А ещё хочешь умереть. Впрочем... кто не хочет?
Когда закрываешь глаза, тёмное марево взрывов и раскалённых обломков металлических конструкций, что стали не прочнее карточного домика, разлетаются во все стороны, отброшенные взрывной волной. Ты думаешь, что это худшее из всего, что ты когда либо видел, но никто и никогда не сможет оценить эту затаённую боль, сгустками крови распирающую вены.
Лучше потерять жизнь, чем снова пережить то, что ты пережил, гигантский насос накачивает в тебя страдания, не оставляя выбора. Убийство оказалось "беспонтовым". Ты не старался, просто подошёл к нему, схватил за грудки, поднял и швырнул на точёные, прекрасно сохранившиеся рога. Ты надеешься,что это было больно. Очень больно. Почти как будет тебе, когда электричество пронесётся по твоему телу, выжигая все сомнения и страхи, выжигая воспоминания и даже эту боль выжигая до последнего осколка битого стекла.

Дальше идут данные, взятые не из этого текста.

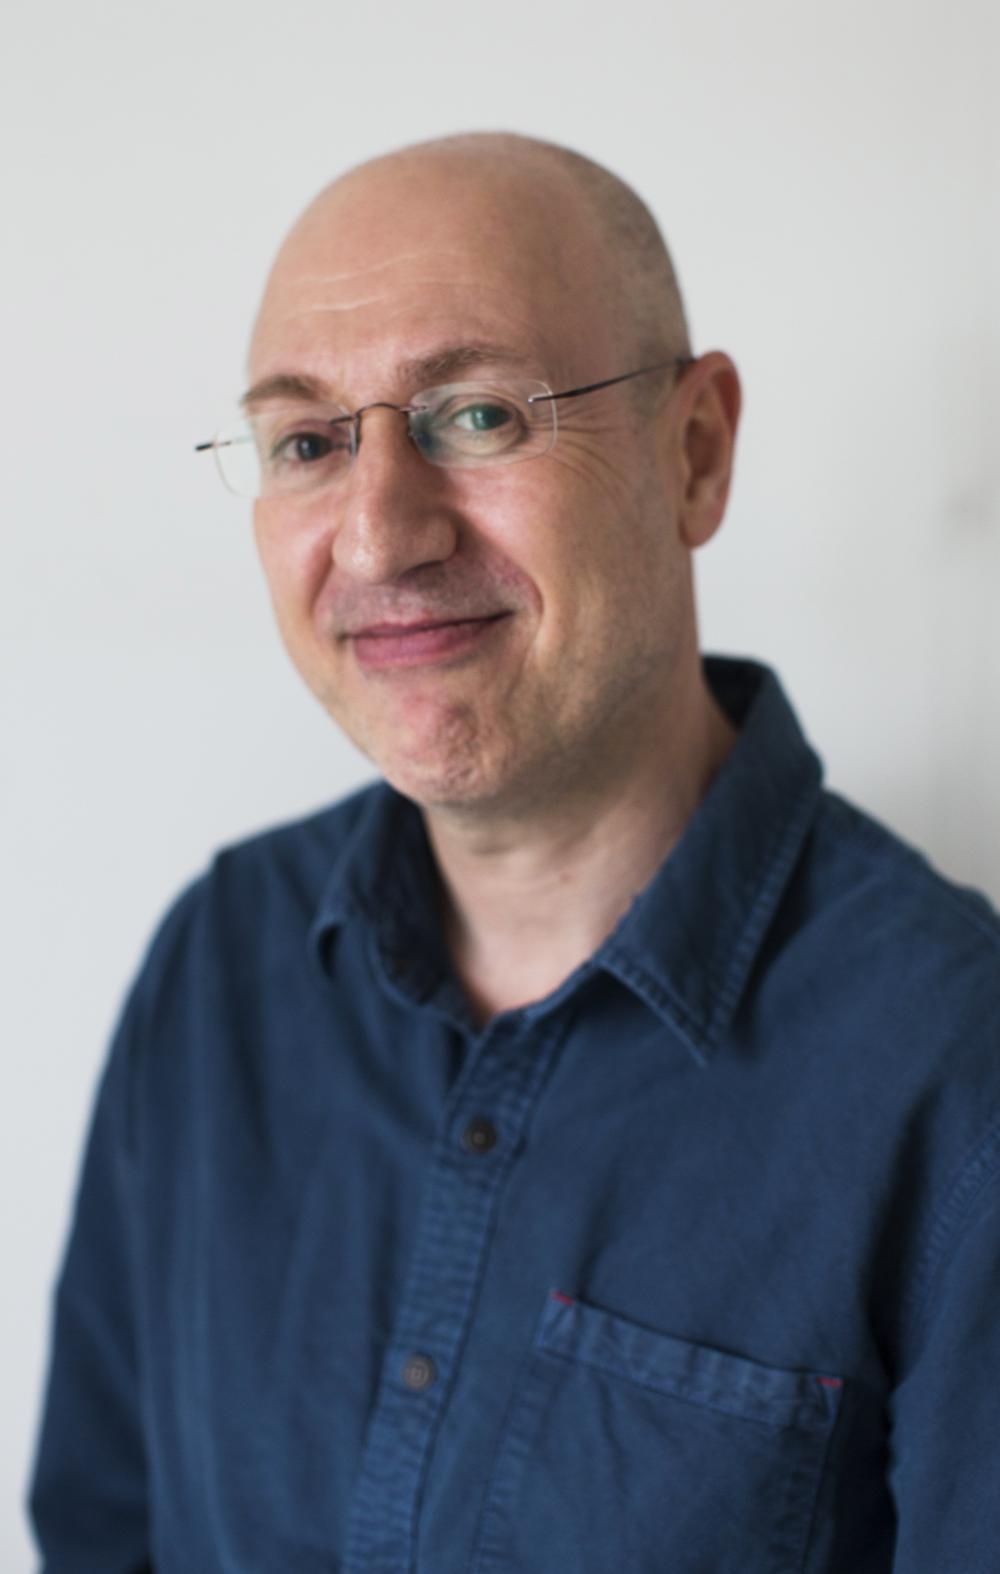 Author Ivan D. Wainewright

В тебе происходят взрывы. Тысячи и сотни взрывов. Ежесекундно. Ты хочешь окунуть свои руки в смерть хотя бы на несколько минут, но и теперь не сможешь сделать этого. Просить о том, чтобы приговор как можно скорее привели в исполнение - глупо. Ты будешь мучиться, мучиться до того самого момента, пока твой организм не перестанет сопротивляться. Ты мог бы помочь ему, но это будет нарушением правил.
Ваш уговор - никакого суицида.
И ты всё выполнишь в точности так.
Ты идёшь по коридору за своими конвоирами, а потом перед ними. И снова за. Никого не волнует, сколько человек ты уже убил, потому что фраза "на другой планете" заставит их не доверять ещё больше. Но сейчас ты бы покаялся, написал исповедь, попросив прощение за каждую смерть, в которой чувствуешь себя виноватым. Это странно - быть виновным в и чувствовать себя виноватым не одно и то же. Отец бы не понял, наверное, если бы ты сказал. Пожалуй, Лацитисам повезло, что они не видят тебя таким. В богов ты не веришь, видел одного, но и он не более чем машина, тупая, бездушная машина, способная просчитать вероятности, но не способная сделать что-то от души.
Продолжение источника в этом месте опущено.